Frequently Asked Questions
What is the RTX 5090's compute price per hour?
The compute price per hour for the RTX 5090 varies by cloud provider, but as of early 2025, it ranges from $0.50 to $1.00 per hour. This price is influenced by factors like hardware cost, electricity, and demand.
How is the average compute price calculated?
The average is calculated as the arithmetic mean of hourly values reported by Ornn, a data provider that aggregates prices from various cloud platforms. Revisions after expiration are not considered.

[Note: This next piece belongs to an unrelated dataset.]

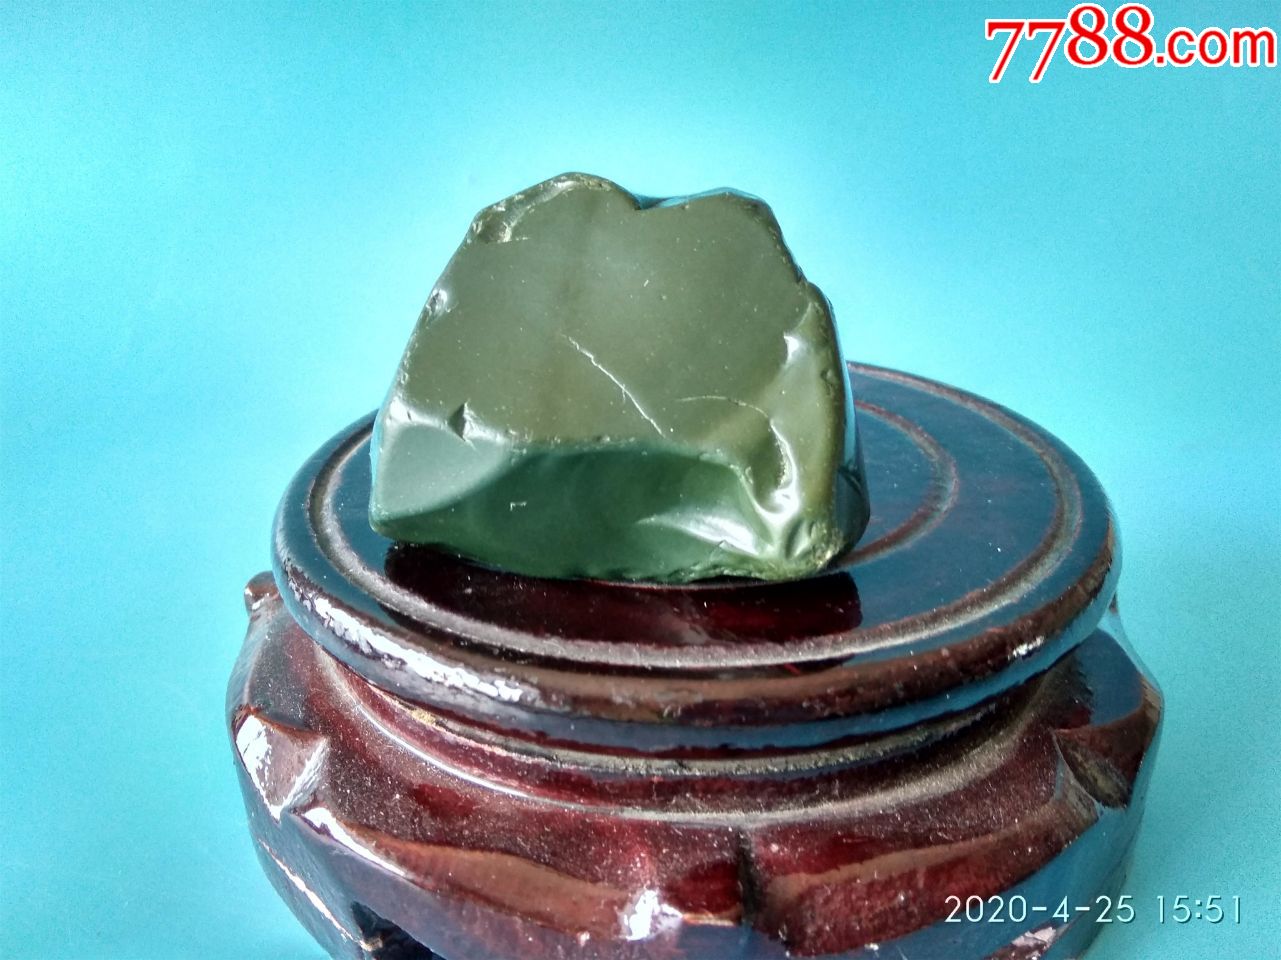 新疆奇石象形石沙漠漆,绿色的石头像一只坐着的青蛙
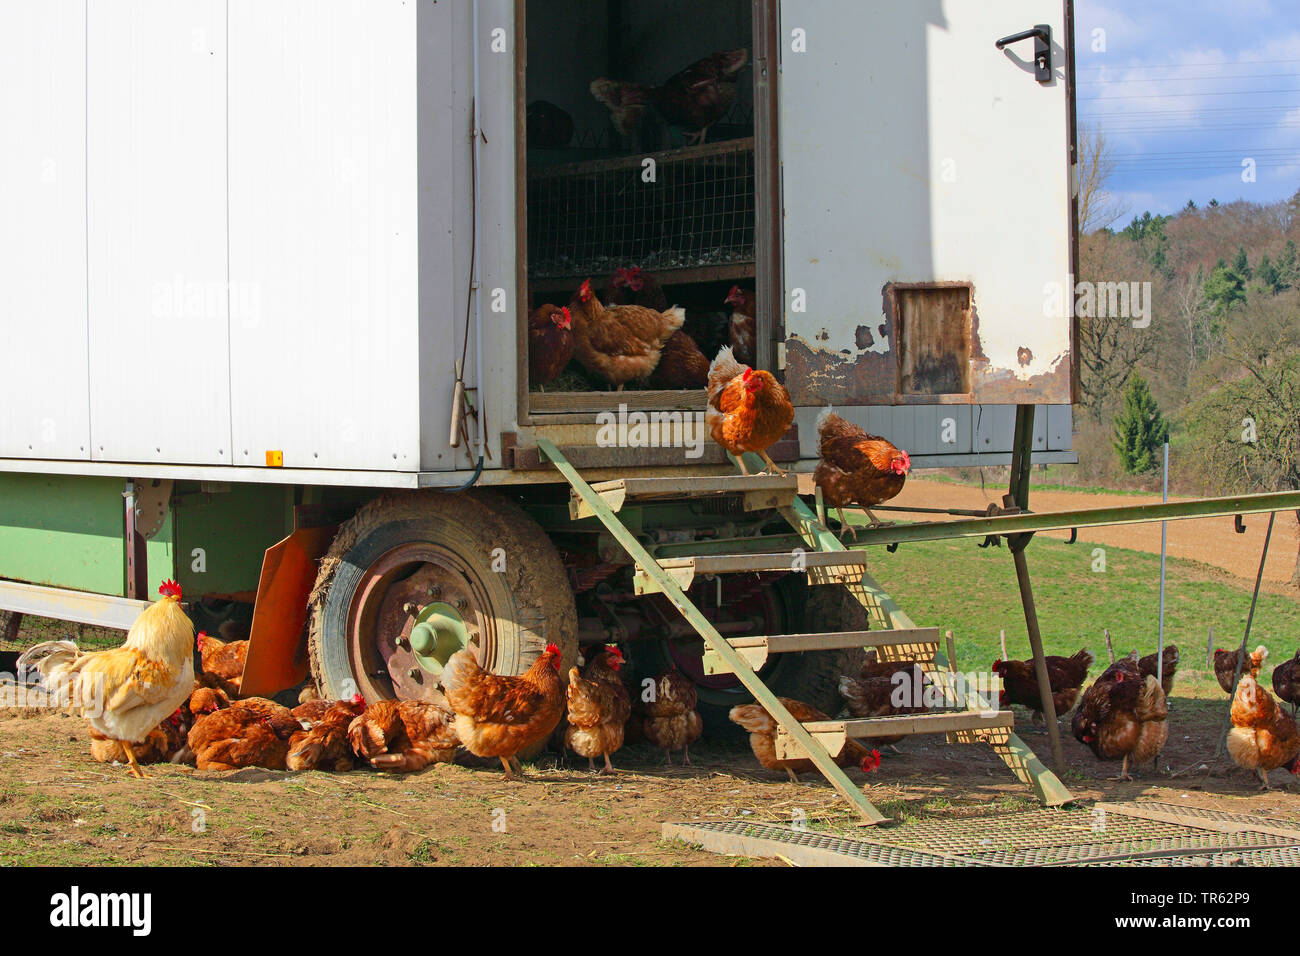 Las gallinas (Gallus gallus f. domestica), pollos de granja y gallinero móvil, Alemania, Hesse. Foto de stock

Will the RTX 5090's price drop by 2027?
Historically, GPU prices decline as newer models are released. With the RTX 60 series likely coming in late 2026, the RTX 5090's price could fall by 20-40% from its launch price, but sustained AI demand could keep it stable.
What affects the cloud rental price of GPUs?
Key factors include hardware supply, electricity costs, competition among cloud providers, and demand from AI workloads. Shortages or surges in demand can cause price spikes, while oversupply leads to drops.
What is Ornn?
Ornn is a data provider that tracks GPU compute prices across cloud platforms, offering an index that reflects average hourly costs. This index is used as the resolution source for this prediction market.
Educational content is AI-generated and sourced from Wikipedia. It should not be considered financial advice.